Although there are proposals under the frequentist framework to try to remedy the situation (e.g., Armitage, 1960; Botella et al., 2006; Fitts, 2010; Frick, 1998; Jennison & Turnbull, 1999; Lakens, 2014; Pocock, 1983; Wald, 1945), these are largely ignored in psychology (Lakens, 2014). If such corrections are not used, researchers must adhere to designs based on predefined (i.e., fixed) sample sizes and sample until completion. Unfortunately, there is ample empirical evidence supporting the hypothesis that data collection decisions made by researchers are often dependent on the magnitude of the p value (John et al., 2012; Yu et al., 2014). For example, Yu et al. (2014) found evidence indicating that researchers are willing to prematurely terminate data collection upon observing either a low or a large p value.
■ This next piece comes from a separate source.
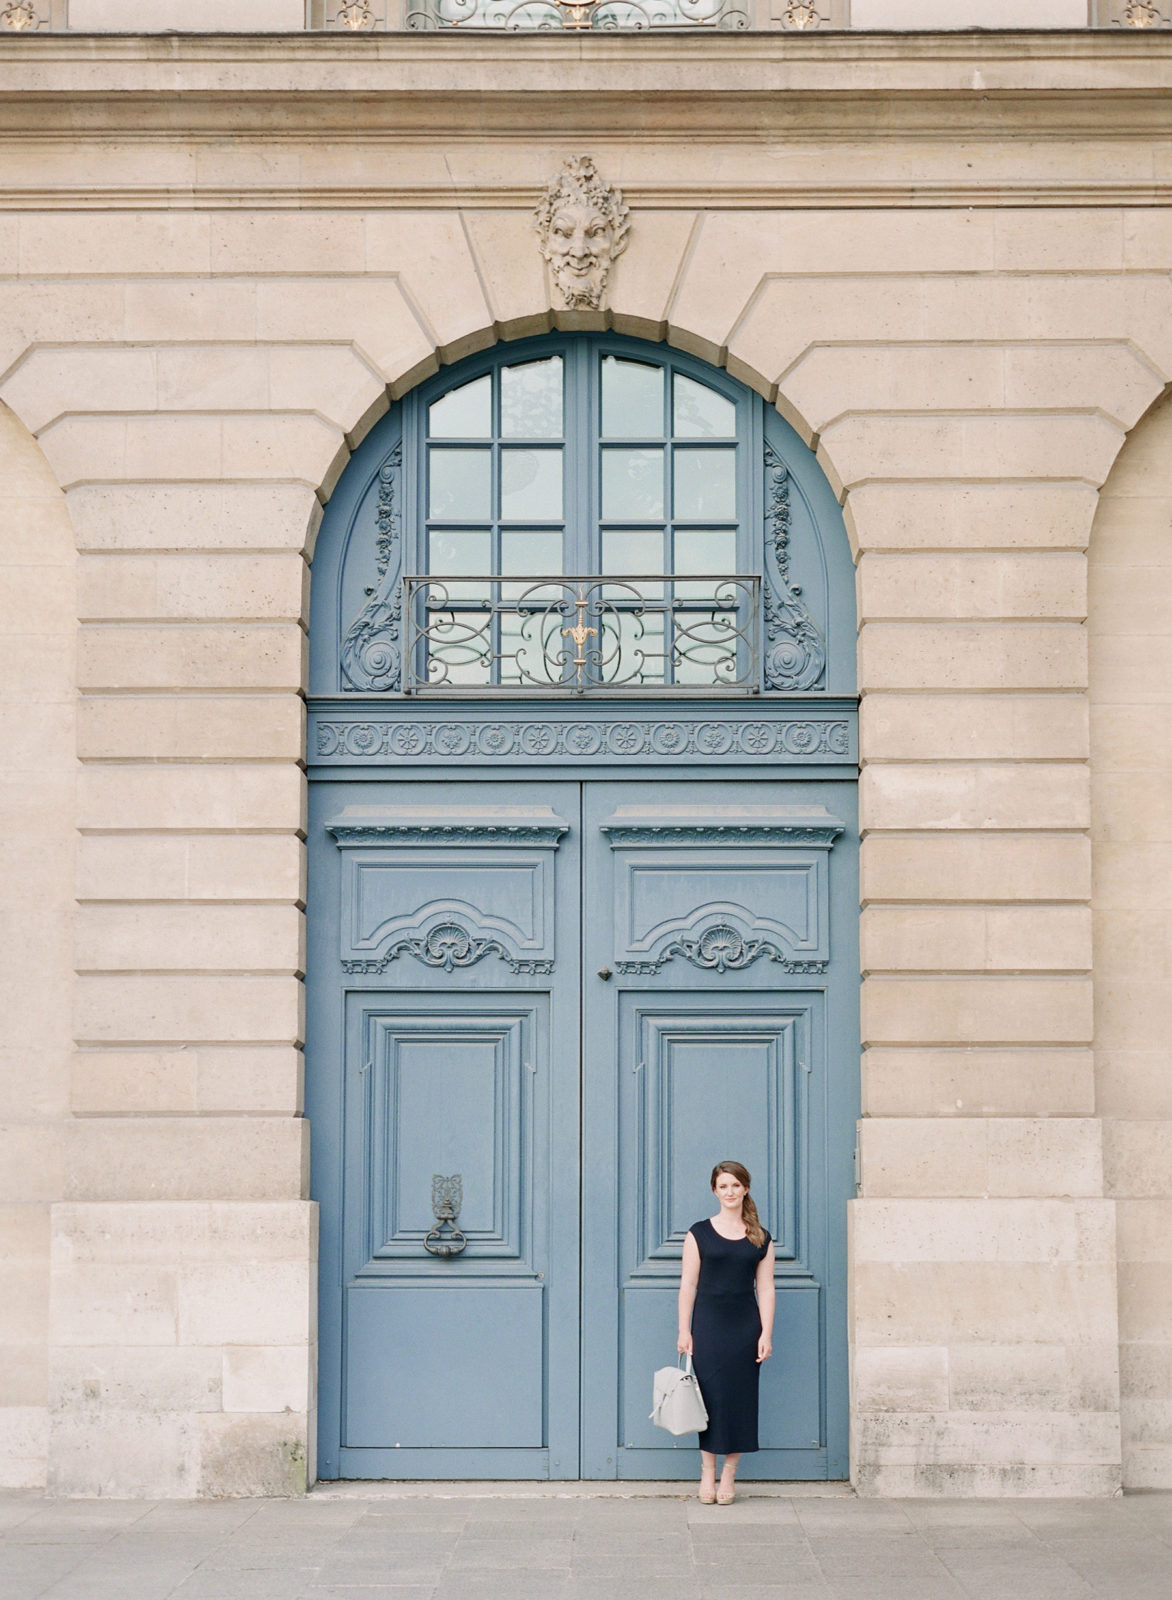 Paris branding photographer | Paris portrait photographer | Paris brand photos | Petite Abeille Design | Molly Carr Photography | Ritz Paris | Place Vendome | Paris Doors

The problem is severe, and one may rightfully question whether similar limitations hold with Bayesian statistics.

Under the Bayesian paradigm

An optional stopping procedure similar to that under the frequentist paradigm is now considered. Unlike the frequentist procedure, now the p value is replaced by the Bayes factor BF10. After observing the n-th datum and computing BF10, one decides to stop data collection and retain \({\mathscr{M}}_{1}\) if BF10 is larger than a threshold BFU (thus, data evidence is deemed sufficiently compelling for \({\mathscr{M}}_{1}\)). Alternatively, one decides to stop data collection and retain \({\mathscr{M}}_{0}\) if BF10 is smaller than a threshold BFL (data evidence is deemed sufficiently compelling for \({\mathscr{M}}_{0}\)). Finally, data collection should proceed in case BFL < BF10 < BFU.

The thresholds BFU and BFL should be chosen before data collection. In our analyses, we use the same threshold values as Rouder (2014): BFU = 10 and \(BF_{L} = \frac {1}{10}\) (see also Schönbrodt et al., 2017). These values can be considered as strong evidence, according to Jeffreys (1961).Footnote 2 Thus, similar amounts of evidence are required to terminate data collection in favor of either model when Bayesian optional stopping is employed. We notice that the Bayesian optional stopping procedure differs from the frequentist counterpart in one crucial aspect: The Bayesian procedure can stop due to sufficiently strong evidence in favor of \({\mathscr{M}}_{0}\). This is not possible by means of p value based NHST, where evidence can only be gathered against \({\mathscr{M}}_{0}\). Thus, the Bayesian optional stopping procedure has this one clear advantage over the frequentist method.

The Bayesian optional stopping procedure outlined above has been recurrently proposed in the literature (as early as Lindley, 1957; see also Kass and Raftery, 1995; Edwards et al., 1963). Several studies implemented and further extended this method (e.g., Matzke et al., 2015; Schönbrodt et al., 2017; Schönbrodt & Wagenmakers, 2018; Wagenmakers et al., 2012; Wagenmakers et al., 2015). There is general agreement that, under the Bayesian framework, the stopping rule is unrelated to the interpretation of the results (Rouder, 2014; Sanborn & Hills, 2014); this is a consequence of the likelihood principle (Berger & Wolpert, 1988). However, some have questioned frequentist properties related to the procedure, that is, how the procedure works in the long run (Sanborn et al., 2014; Yu et al., 2014). Therefore, the issue of whether the procedure ‘works as advertised’ has been a matter of contention.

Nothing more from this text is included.